O ponto de viragem desta crise de saúde ocorreu quando cerca de 400 organizações, condados e instituições nos Estados Unidos lançaram uma ação conjunta contra a indústria farmacêutica e os que comercializam derivados do ópio. Após centenas de ações judiciais e investigações, bem como uma década inteira com dezenas de milhares de mortes por trás disso, a Purdue Pharma se declarou “culpada de rotular OxyContin com a intenção de fraudar ou enganar”.

A investigação federal determinou que, com suas táticas de marketing, eles atraíram milhões de americanos para a armadilha do vício em opioides prescritos. Centenas de milhares deles terminarão em mortes por overdose. A empresa familiar teve que pagar uma multa simbólica por seu império –643 milhões de dólares de seus lucros–, sendo obrigada pelas autoridades a mudar seu comportamento de vendas e reformular a droga para torná-la menos viciante.

A crise dos opioides Ele também não entende de raça. Embora o perfil de mortes até há relativamente pouco tempo tenha ocorrido principalmente em pessoas brancas residentes em estados como West Virginia, Ohio ou Kentucky, há cada vez mais vítimas fatais devido à sua ingestão que são índios americanos e raça negra. Além disso, embora em menor proporção em termos de número de afetados, os hispânicos. Ainda assim, essa minoria no país triplicou as mortes por overdose de opioides desde 2011.

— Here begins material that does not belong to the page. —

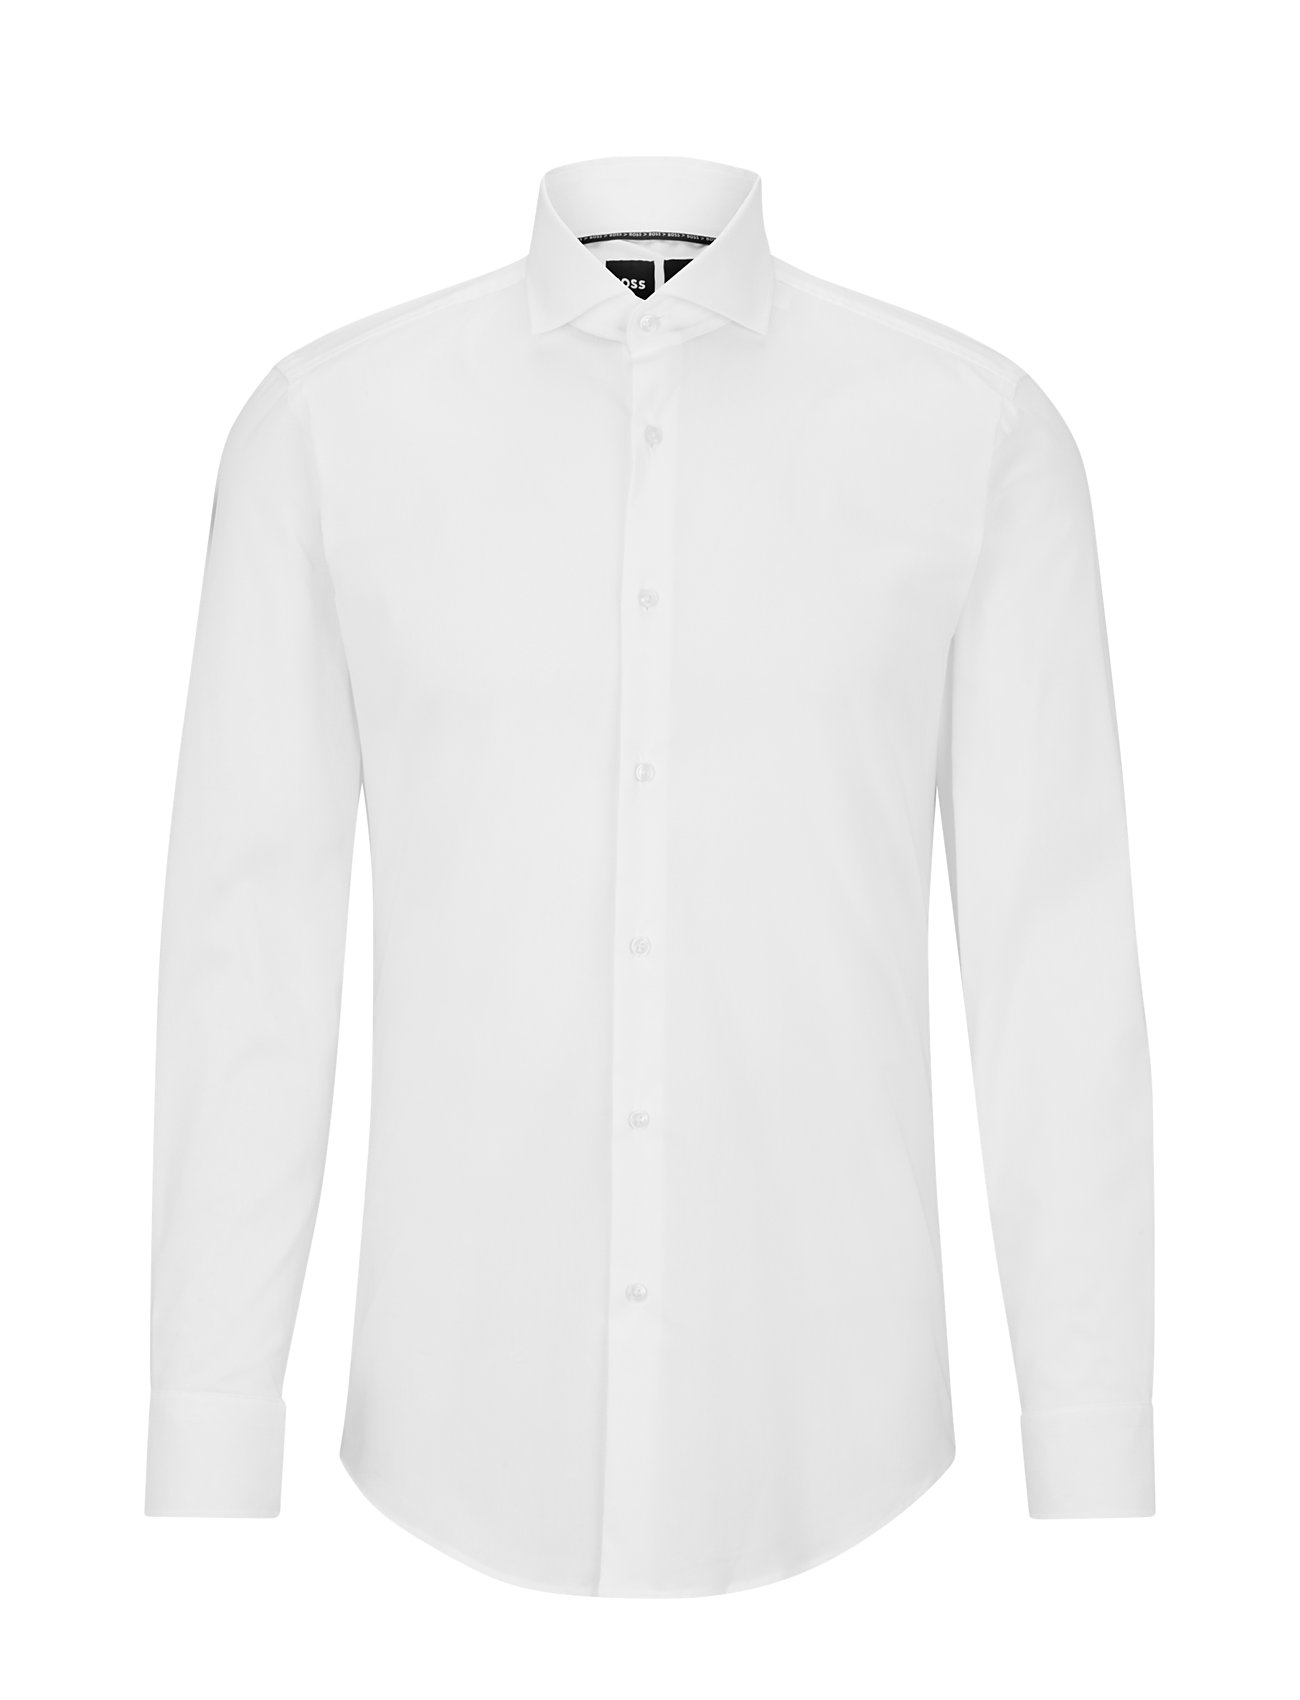 P-Hank-Spread-C1-222 Tops Shirts Tuxedo Shirts White BOSS

«A atual epidemia de opioides nos EUA é um grande desafio de saúde pública porque eles têm um alto potencial de vício e dependência. A solução para parar esta crise deve abordar os desafios sociais, culturais e legais”, diz Madhu Ramaswamy, um médico.

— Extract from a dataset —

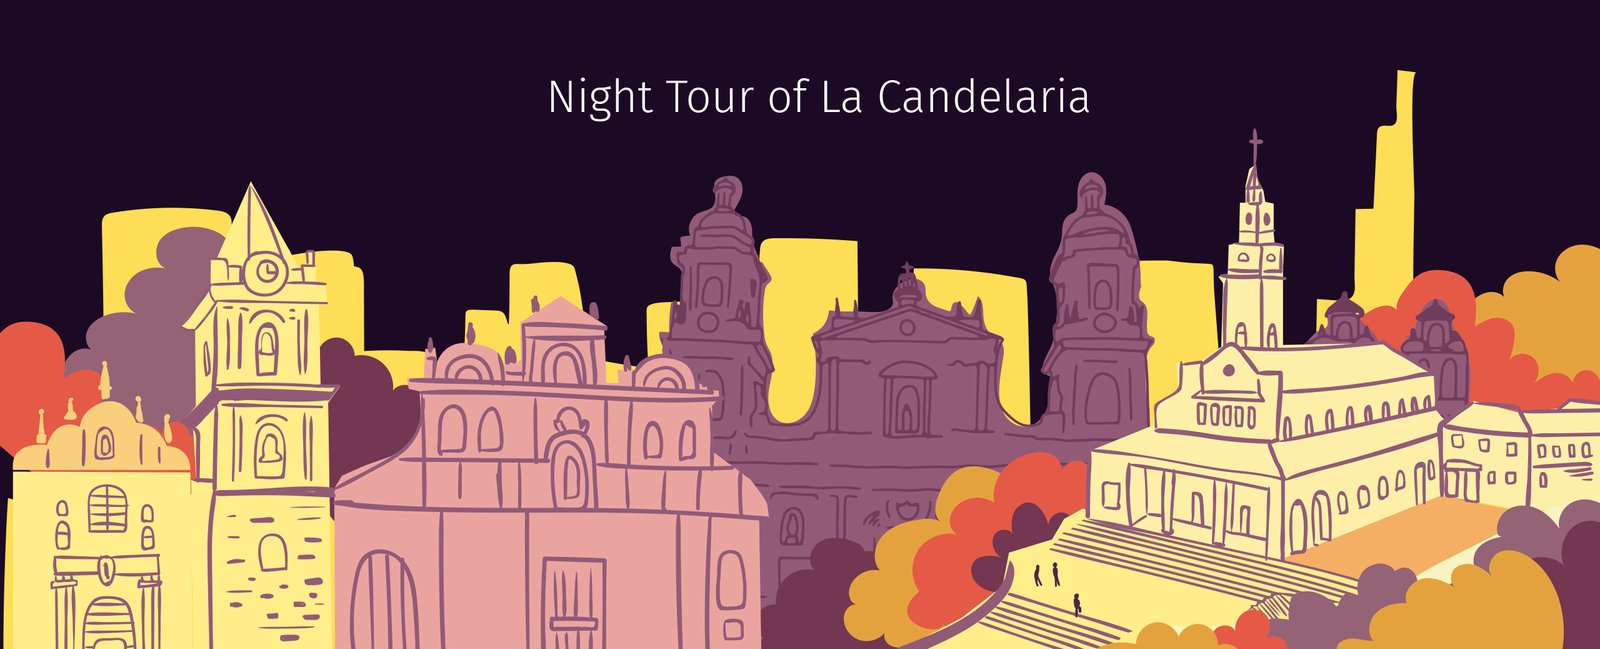 Night Tour of La Candelaria

“A primeira onda” da crise, apelidada pelo CDC, foi a dos opioides prescritos. A chamada “segunda onda” veio com o vício em heroína. Outro opioide, mas neste caso ilegal. E já a “terceira onda” da crise ocorreu com opioides sintéticos, como o fentanil, que o CDC estima matar atualmente 136 pessoas em média por dia no país.

As overdoses aumentaram em até 30% em 16 estados do país em apenas um ano, de julho de 2016 a setembro de 2017, afetando todas as faixas etárias. Embora com algumas variações em termos de áreas urbanas e rurais, “esta rápida epidemia Afeta homens, mulheres e pessoas de todas as idades. Não respeita fronteiras estaduais e está aumentando em todas as regiões dos Estados Unidos”, confirma o CDC.

Os especialistas destacam a necessidade de «prevenir overdoses, interrompendo o uso indevido de opioides e abordar o transtorno do seu uso, comumente conhecido como vício, para que não ocorram overdoses”, segundo o relatório divulgado pela Associação Americana de Pediatria, que destaca que o número de menores hospitalizados por intoxicação por opioides se multiplicou por quatro em na última década, passando de 797 casos em 2004 para 3.647 registrados em 2015.

Números que agora servem de referência para outros países evitarem que sua população seja atingida de alguma forma pelo impacto dessas drogas e pelos trágicos efeitos de seu vício.